**Data for analysis**.
__________________________________________________
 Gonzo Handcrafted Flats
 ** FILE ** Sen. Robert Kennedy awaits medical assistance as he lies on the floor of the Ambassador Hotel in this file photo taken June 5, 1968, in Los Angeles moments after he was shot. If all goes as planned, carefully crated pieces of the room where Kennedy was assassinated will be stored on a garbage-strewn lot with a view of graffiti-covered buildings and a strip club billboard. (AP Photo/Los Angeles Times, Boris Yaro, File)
__________________________________________________
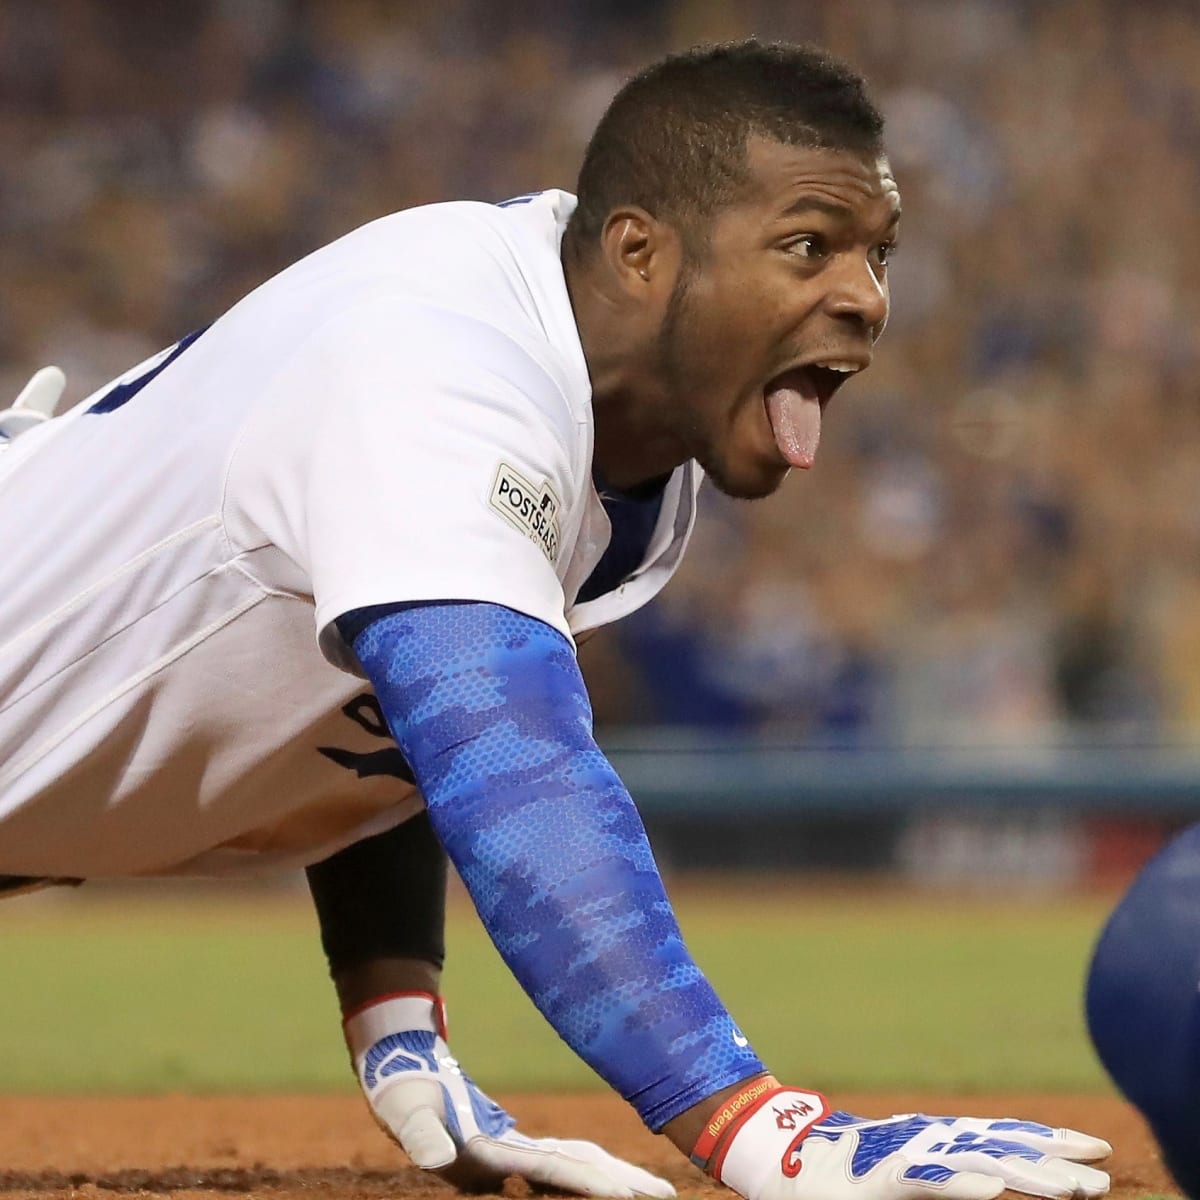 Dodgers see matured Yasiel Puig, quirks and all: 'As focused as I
__________________________________________________
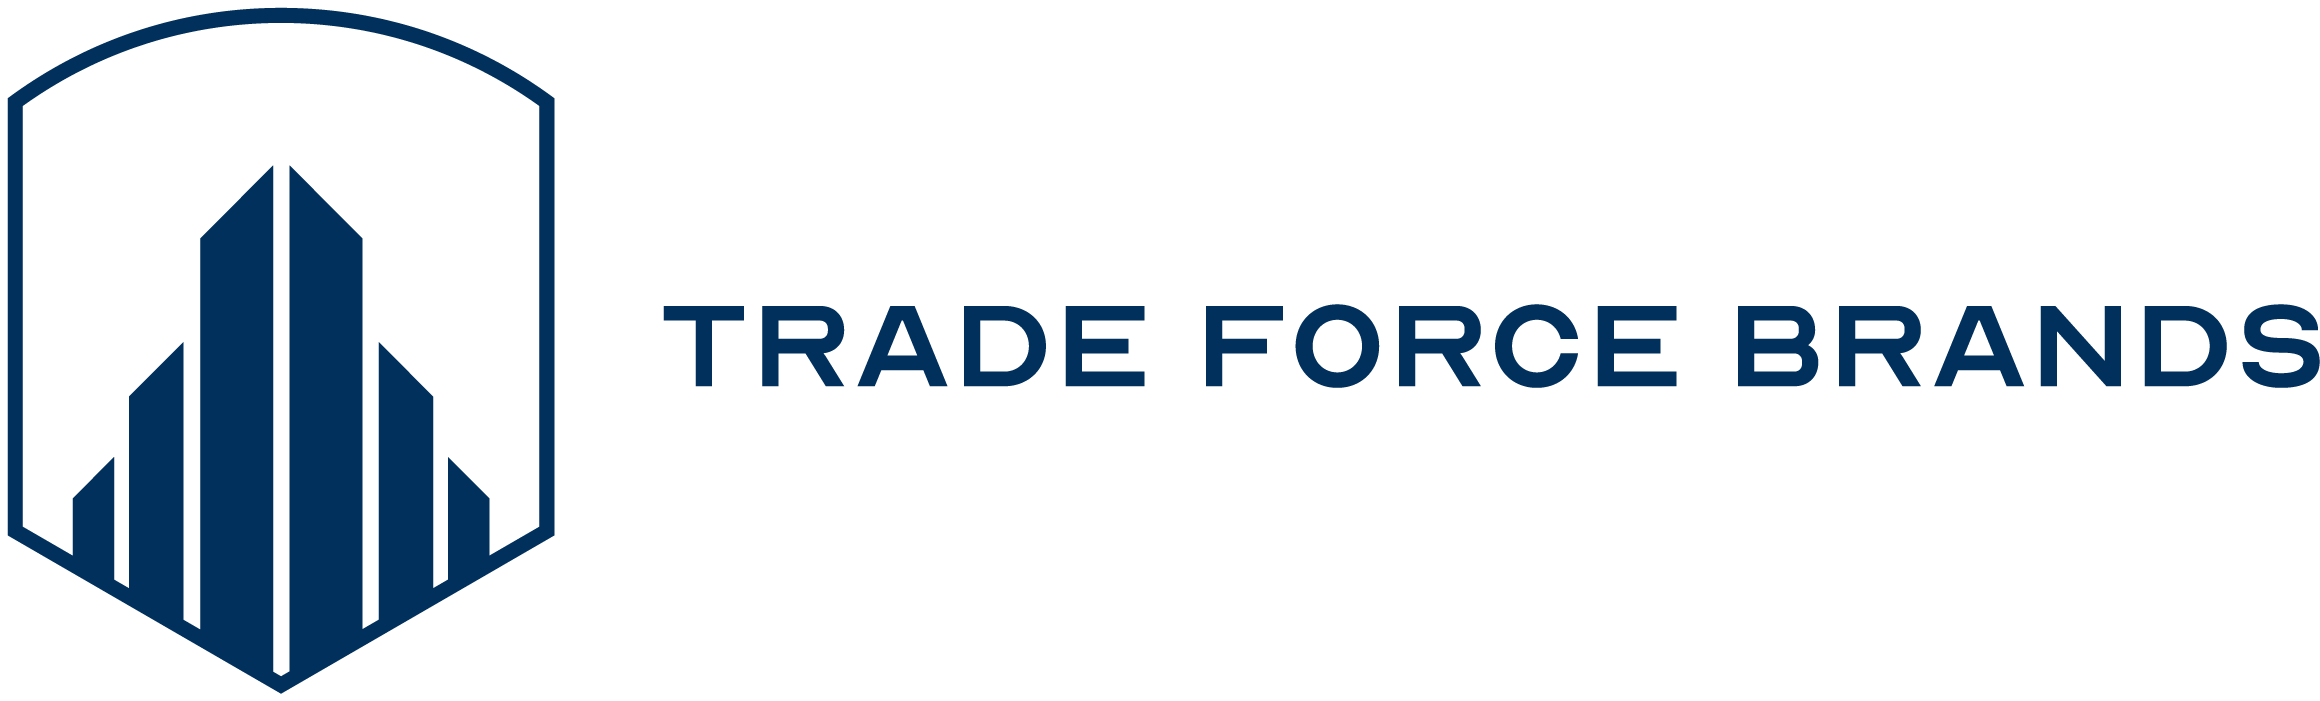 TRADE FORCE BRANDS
__________________________________________________
**Your instructions**. Reproduce, word for word and in full, only the lines above that start at the line with "Gonzo Handcrafted Flats" and run through the line with "Boris Yaro, File)", both ends included.

**Written solution**.
 Gonzo Handcrafted Flats
 ** FILE ** Sen. Robert Kennedy awaits medical assistance as he lies on the floor of the Ambassador Hotel in this file photo taken June 5, 1968, in Los Angeles moments after he was shot. If all goes as planned, carefully crated pieces of the room where Kennedy was assassinated will be stored on a garbage-strewn lot with a view of graffiti-covered buildings and a strip club billboard. (AP Photo/Los Angeles Times, Boris Yaro, File)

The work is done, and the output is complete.